Exercise prompt:
Pull each line holding the word "Shirt" from the data.

***** Source data *****

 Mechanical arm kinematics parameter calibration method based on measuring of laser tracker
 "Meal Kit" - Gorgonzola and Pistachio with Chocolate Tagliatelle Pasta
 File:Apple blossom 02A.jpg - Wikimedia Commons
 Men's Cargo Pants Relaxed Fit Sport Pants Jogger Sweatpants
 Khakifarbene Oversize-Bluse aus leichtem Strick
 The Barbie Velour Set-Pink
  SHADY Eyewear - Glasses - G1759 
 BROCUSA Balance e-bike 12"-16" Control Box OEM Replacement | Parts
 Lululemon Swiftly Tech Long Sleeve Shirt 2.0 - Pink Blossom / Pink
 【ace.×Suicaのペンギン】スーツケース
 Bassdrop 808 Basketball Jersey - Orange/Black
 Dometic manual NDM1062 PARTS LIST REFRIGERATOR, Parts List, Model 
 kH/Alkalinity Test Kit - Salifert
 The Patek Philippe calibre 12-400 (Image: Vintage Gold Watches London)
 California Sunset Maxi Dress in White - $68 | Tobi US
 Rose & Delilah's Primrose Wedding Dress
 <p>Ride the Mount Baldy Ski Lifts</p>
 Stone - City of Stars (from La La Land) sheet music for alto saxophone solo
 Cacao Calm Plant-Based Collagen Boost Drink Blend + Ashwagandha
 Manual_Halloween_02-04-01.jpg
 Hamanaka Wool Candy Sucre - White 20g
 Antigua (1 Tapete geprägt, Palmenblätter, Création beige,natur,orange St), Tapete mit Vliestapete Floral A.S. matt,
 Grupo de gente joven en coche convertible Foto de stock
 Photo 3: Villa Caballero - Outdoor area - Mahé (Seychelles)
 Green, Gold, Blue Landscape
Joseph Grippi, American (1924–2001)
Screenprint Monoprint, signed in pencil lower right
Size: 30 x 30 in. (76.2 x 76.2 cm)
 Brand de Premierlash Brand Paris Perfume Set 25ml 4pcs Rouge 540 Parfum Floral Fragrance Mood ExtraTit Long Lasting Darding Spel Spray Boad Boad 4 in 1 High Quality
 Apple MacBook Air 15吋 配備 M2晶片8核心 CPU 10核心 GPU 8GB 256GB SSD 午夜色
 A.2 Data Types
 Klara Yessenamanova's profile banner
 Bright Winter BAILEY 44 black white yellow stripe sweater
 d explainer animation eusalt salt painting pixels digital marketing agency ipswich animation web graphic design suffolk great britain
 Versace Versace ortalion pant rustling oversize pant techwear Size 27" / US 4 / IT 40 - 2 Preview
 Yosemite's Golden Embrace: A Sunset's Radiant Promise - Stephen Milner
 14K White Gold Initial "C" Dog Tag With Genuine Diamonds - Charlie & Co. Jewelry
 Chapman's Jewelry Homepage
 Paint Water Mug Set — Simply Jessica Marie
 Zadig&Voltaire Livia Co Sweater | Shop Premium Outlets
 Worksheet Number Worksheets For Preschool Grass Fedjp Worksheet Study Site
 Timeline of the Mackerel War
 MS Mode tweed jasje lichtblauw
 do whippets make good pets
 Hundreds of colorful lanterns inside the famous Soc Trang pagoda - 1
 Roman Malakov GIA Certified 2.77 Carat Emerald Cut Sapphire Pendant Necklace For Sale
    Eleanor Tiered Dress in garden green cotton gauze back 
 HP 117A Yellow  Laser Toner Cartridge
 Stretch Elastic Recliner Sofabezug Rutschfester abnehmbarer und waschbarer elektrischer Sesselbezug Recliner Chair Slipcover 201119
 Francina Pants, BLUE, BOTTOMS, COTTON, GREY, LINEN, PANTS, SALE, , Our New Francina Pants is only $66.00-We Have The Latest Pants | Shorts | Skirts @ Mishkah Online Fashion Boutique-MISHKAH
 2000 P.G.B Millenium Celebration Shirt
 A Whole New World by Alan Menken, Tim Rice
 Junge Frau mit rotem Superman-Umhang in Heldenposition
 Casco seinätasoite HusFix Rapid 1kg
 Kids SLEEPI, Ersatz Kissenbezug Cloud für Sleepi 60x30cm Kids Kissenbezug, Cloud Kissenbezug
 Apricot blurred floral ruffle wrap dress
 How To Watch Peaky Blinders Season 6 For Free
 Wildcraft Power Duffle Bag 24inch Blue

*****

Task output:
 Lululemon Swiftly Tech Long Sleeve Shirt 2.0 - Pink Blossom / Pink
 2000 P.G.B Millenium Celebration Shirt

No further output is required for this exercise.